My Mom dream April 14, 2000


This was such an amazing dream to have about my birth mother. I wish I had written more of the details of the dream at the time, but after all these years I can still recall the incredible strength of the connection I felt when I awoke. While it will likely always be difficult to accept so many discrepancies in my past, it is deeply comforting to look back and see the messages were so persistent in surfacing.
Although I do not know where this dream took place, I understood I was at the house of the woman who gave birth to me, my true mother. This was not the same woman I grew up believing was my mother.
In the dream I was looking through a photo album or scrap book and came across a picture of my mother when she was younger, perhaps in her late twenties or early thirties. The photo was a close-up of just her face, I could see it very clearly. There was someone in the room talking to me who I’m sure were her other children, a woman and a man. They were agreeing there was a strong resemblance between my mother and me. My mother had shoulder length brown hair, and she was very pretty. Her nose was smaller than mine and I saw gentleness in her face I felt I had as a younger girl. Did I bear some resemblance to her? I wondered as I looked at her face, hoping there was something of her in me.
There were two other pictures in particular that drew my attention. One was of her wedding day and the other taken when she was older, perhaps in her thirties. She was wearing a very stylish hat from the late 50s or early 60s. She seemed very familiar to me and I removed the photo from the book to look at the name written on the back. I cannot recall the name I saw no matter how hard I have tried. Some other pictures fell out from the book when I removed it. These were all of her wedding day and seeing them gave me quite a shock. At the time I thought these were my parents, but I was wrong, it had been just an assumption because of the situation I was in. It was my mother yes, but not my father.
There was one other picture which really resonated—I began to cry when I saw it—it seemed to tell a story of her love for my father. The image was of a bench or outdoor love seat beside a stream or creek that ran through her property. There was no one sitting on it, just a blanket draped over the back as if two people had just left.
Somehow I understood the importance of this place to my parents, a place hidden from the world, their secret spot. Her children were telling me my mother was haunted, I think about the choices she felt forced to make in her life, especially regarding me in her later years although they did not understand the reasons at the time. It all made me very emotional.

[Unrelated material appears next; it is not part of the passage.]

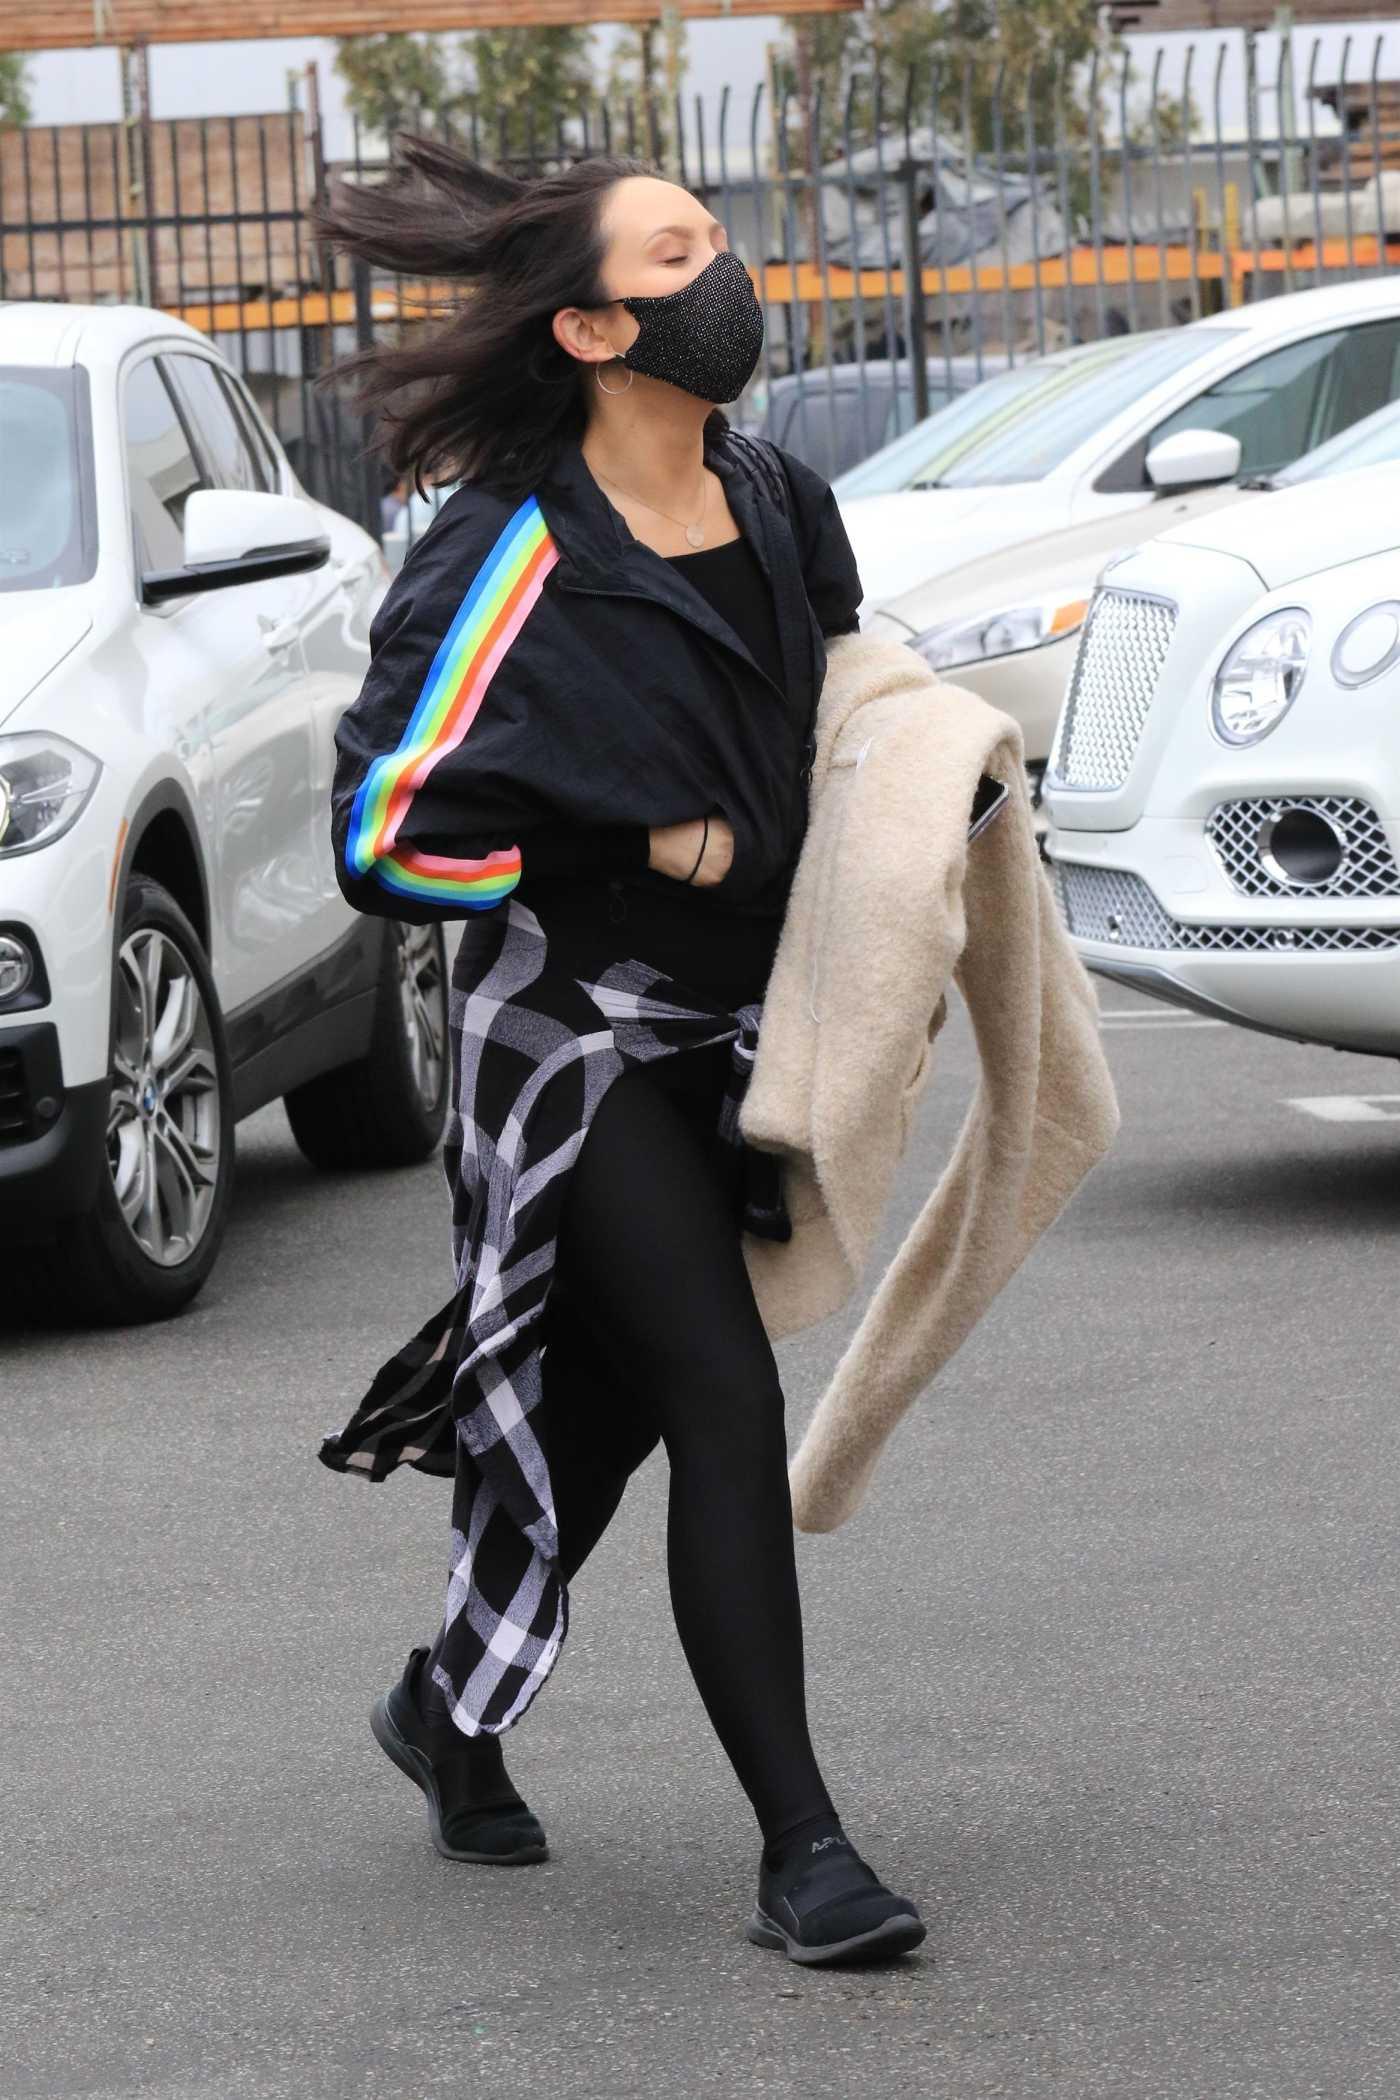 Cheryl Burke in a Black Leggings Arrives at the DWTS Studio in Los Angeles 10/23/2020
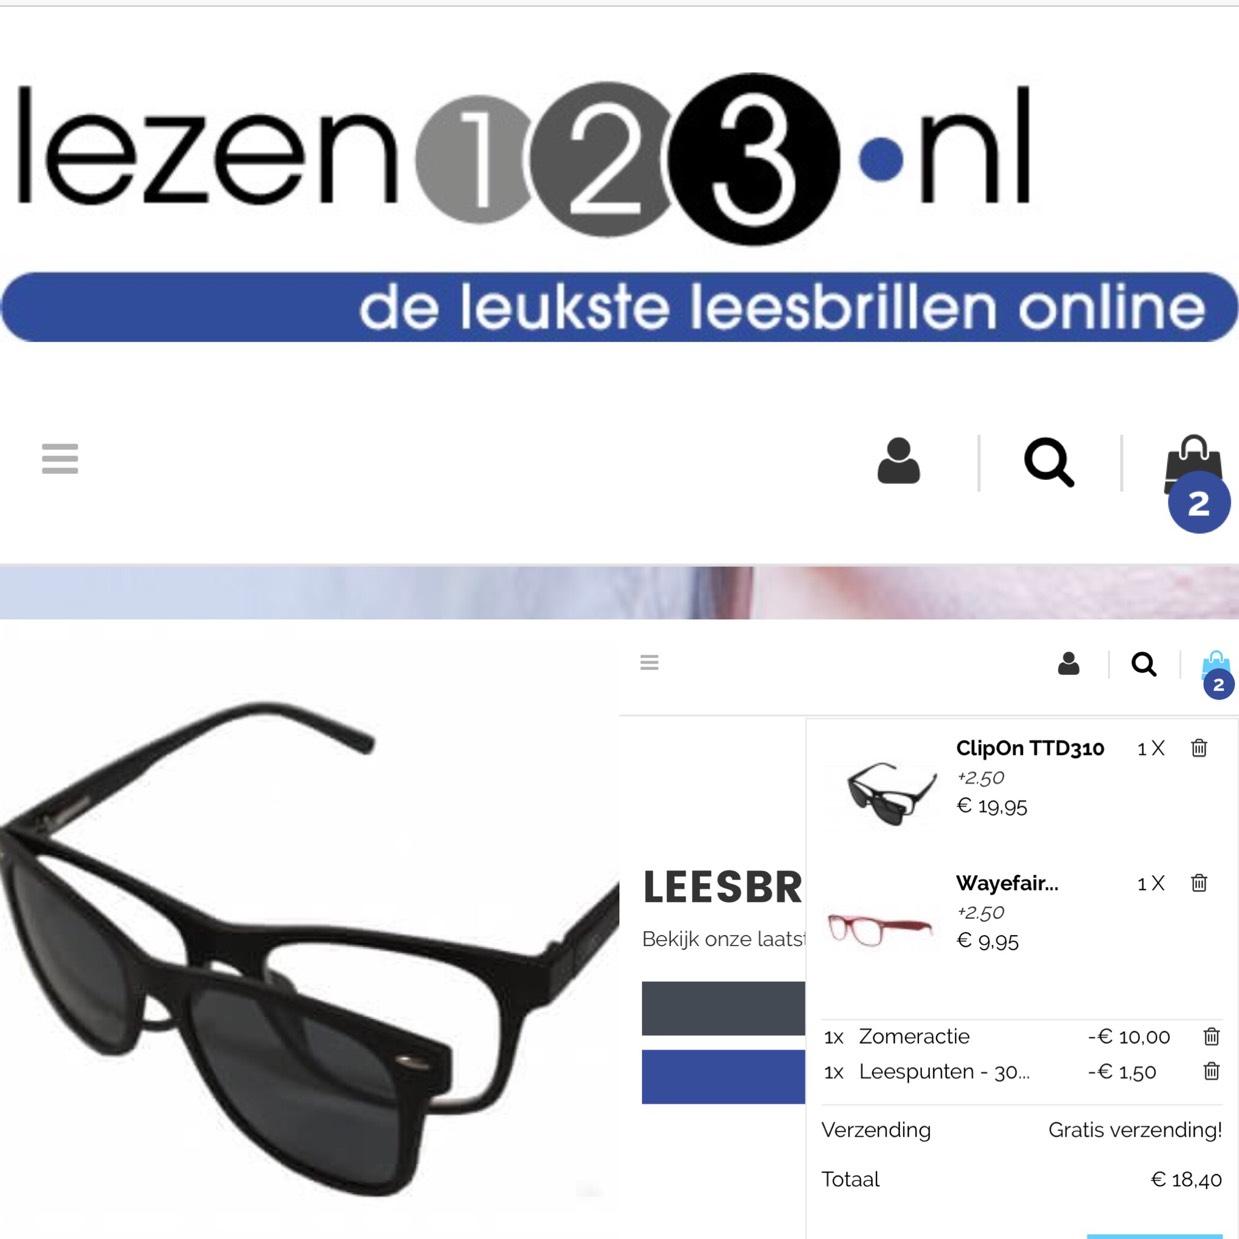 9,95 ClipOn 2in1 (zonne)leesbril @Lezen123

I got the feeling she had died in recent years, but it had taken some time for them to locate me. Before she died she explained everything to them so they would understand the terms of her will, hopefully understanding what happened and why. They were very accepting of me in the dream and also quite accommodating, showing me around and helping me understand her life. The property where we were had been sold and they wanted me to see it before the new owners made any changes. I was touched by their commitment to give me the peace that comes from understanding.

This is all I could remember of the dream. I lay awake wondering about this information, wishing I could better understand. It’s very hard to accept what I was being told. How could this woman possibly be my mother? Considering for a moment this is true, then the secrecy and lies, the culture introduced through the family that raised me, the desire to hide me; all these things made more sense based on this new information.
There is a resonance with this information I could not argue against. Also, I could now understand why it would have been unacceptable for her to raise me as her own. The society she was born to would never tolerate the wide ranging implications from this kind of indiscretion.
**Since having this dream, I see that my daughter looks very much like my mother, more so I think, than me.